§ **WHAT IS REQUIRED**:
What is needed is an exact copy of the listing, with no pictures in it.

§ **SOURCE MATERIAL**:

──────────

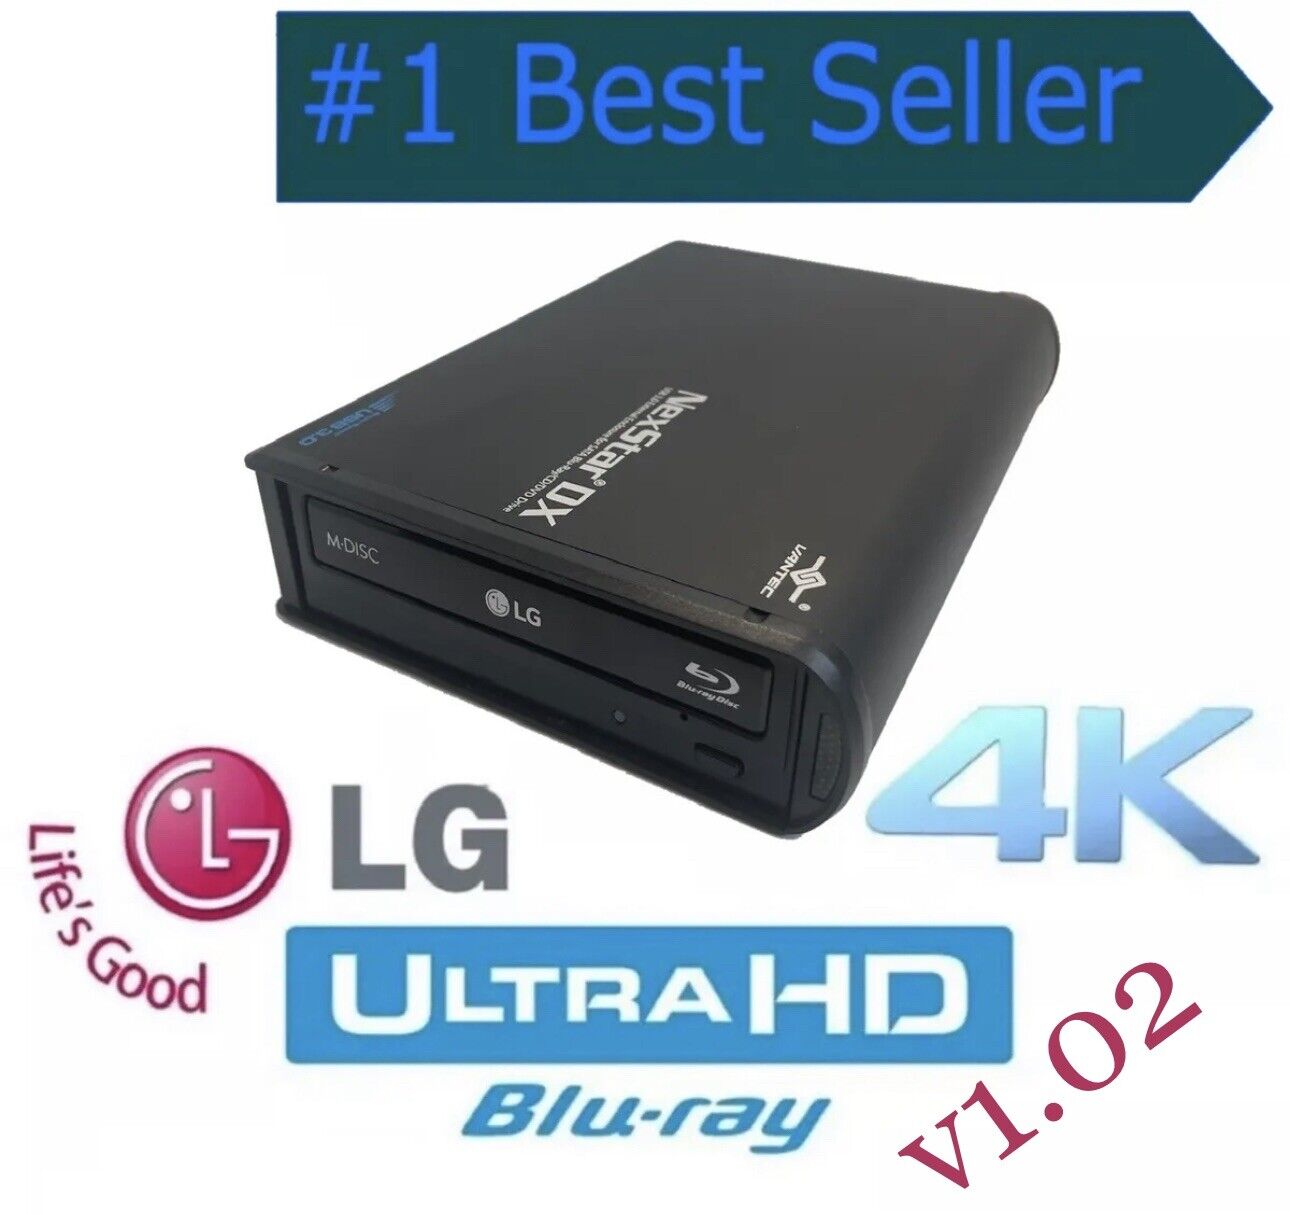 External LG WH14NS40  4K ULTRA HD Blu-ray Drive, UHD Friendly FW v1.02
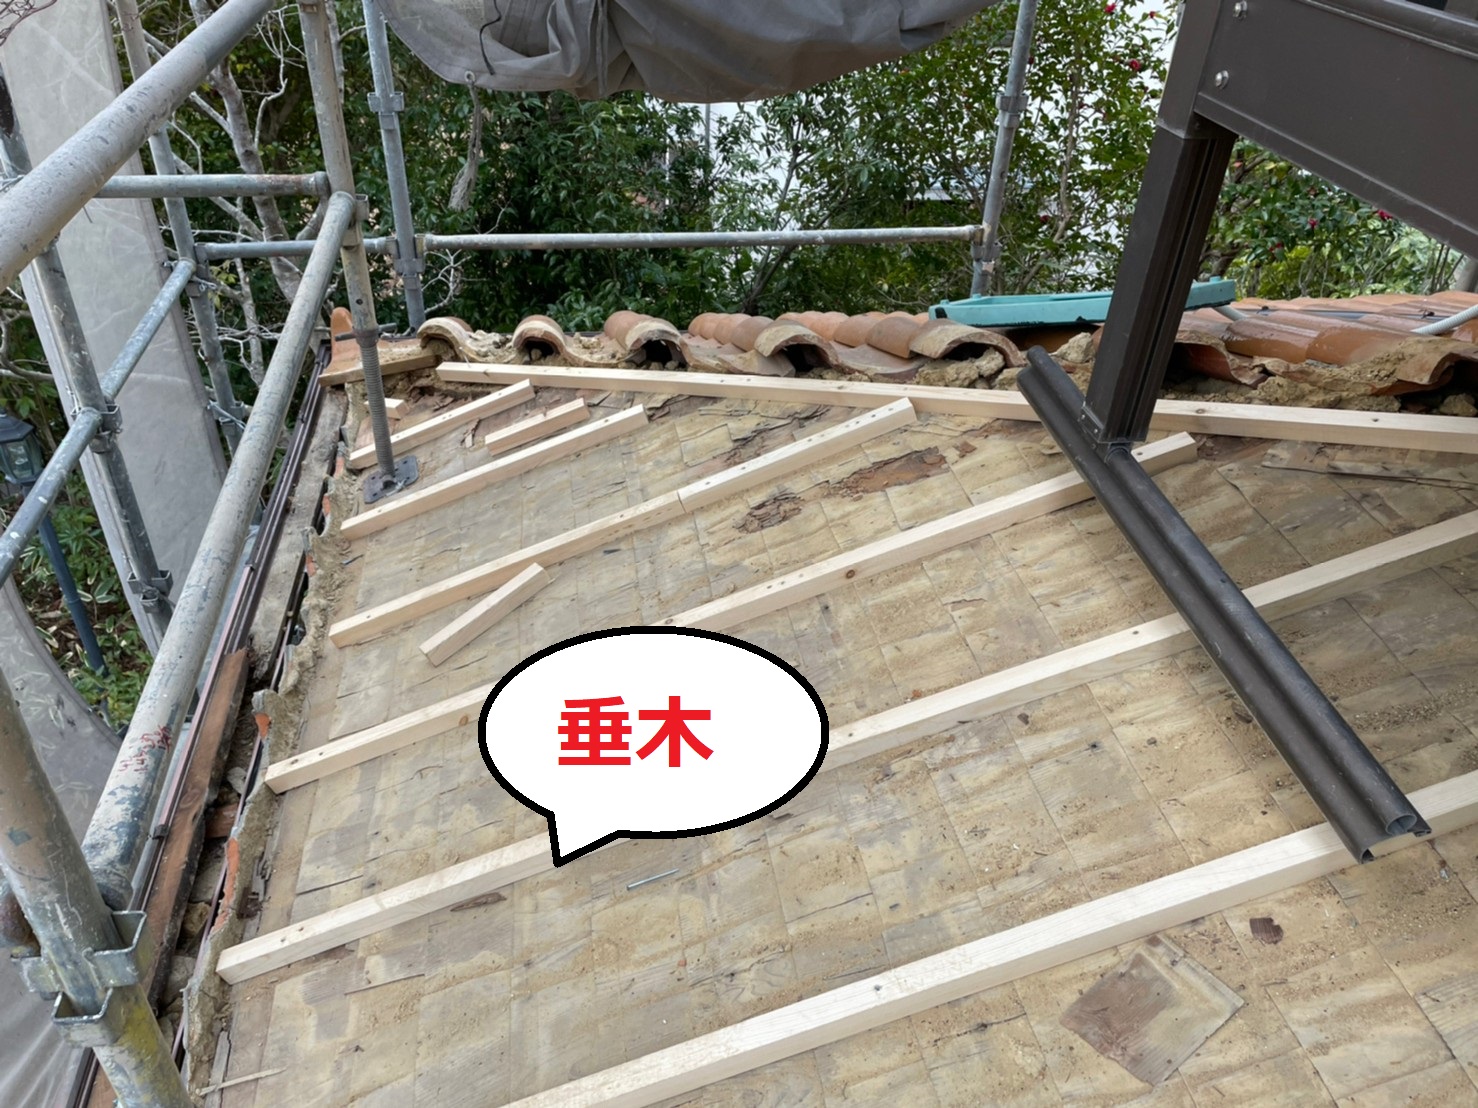 雨漏り修繕の屋根部分葺き替えで垂木取り付け
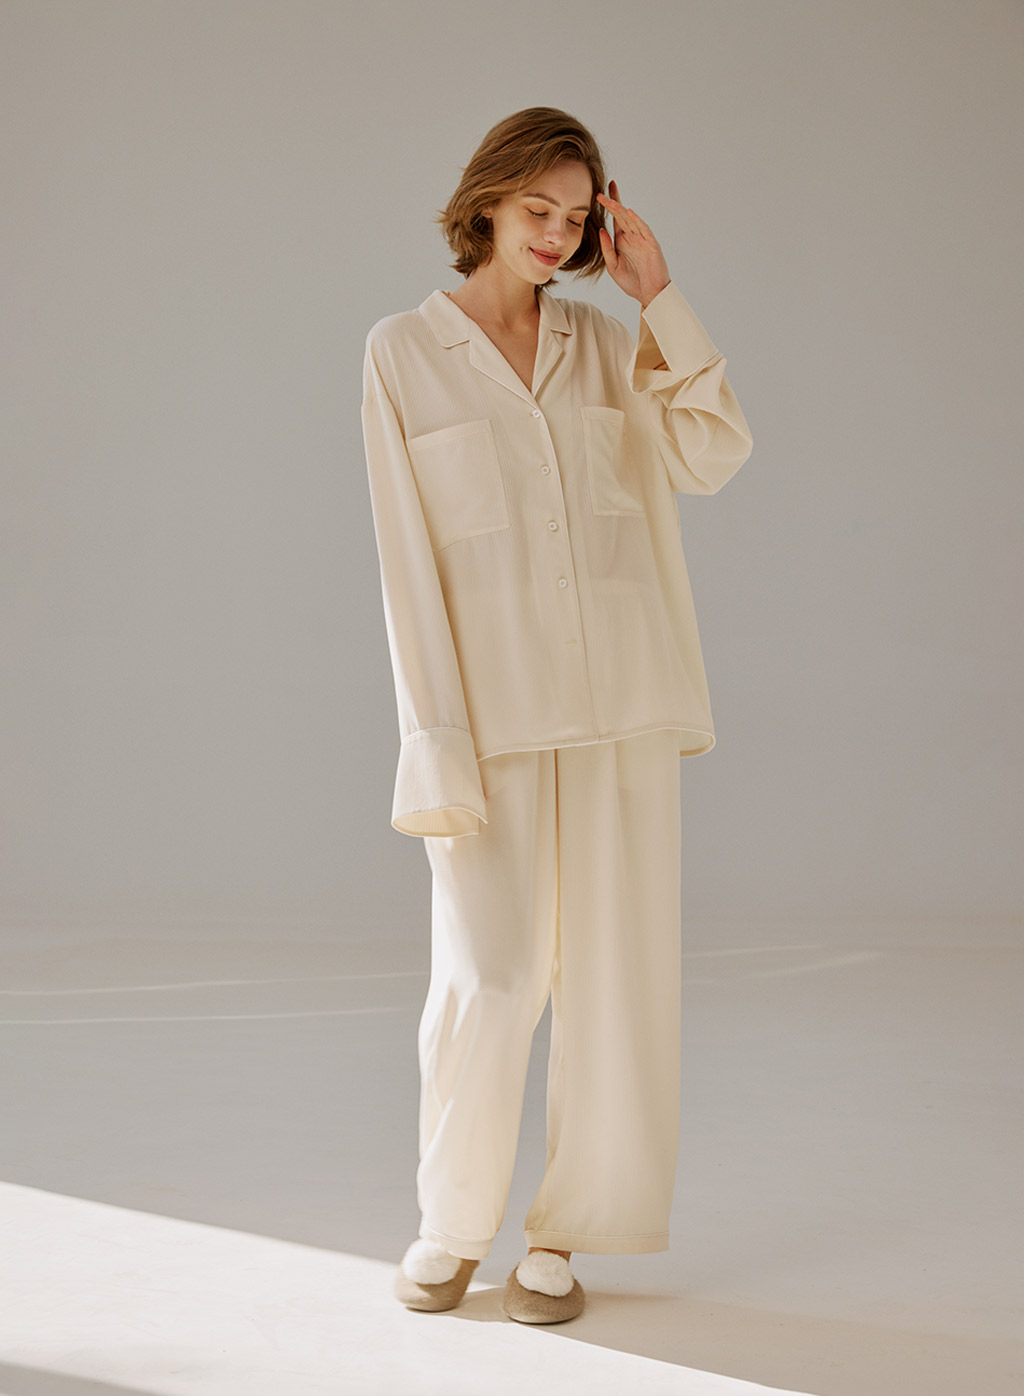 Women's Sleepwear, Pajamas, Robes & Nightgowns | Nap Loungewear

──────────

§ **REPLY**:
 External LG WH14NS40  4K ULTRA HD Blu-ray Drive, UHD Friendly FW v1.02
 雨漏り修繕の屋根部分葺き替えで垂木取り付け
 Women's Sleepwear, Pajamas, Robes & Nightgowns | Nap Loungewear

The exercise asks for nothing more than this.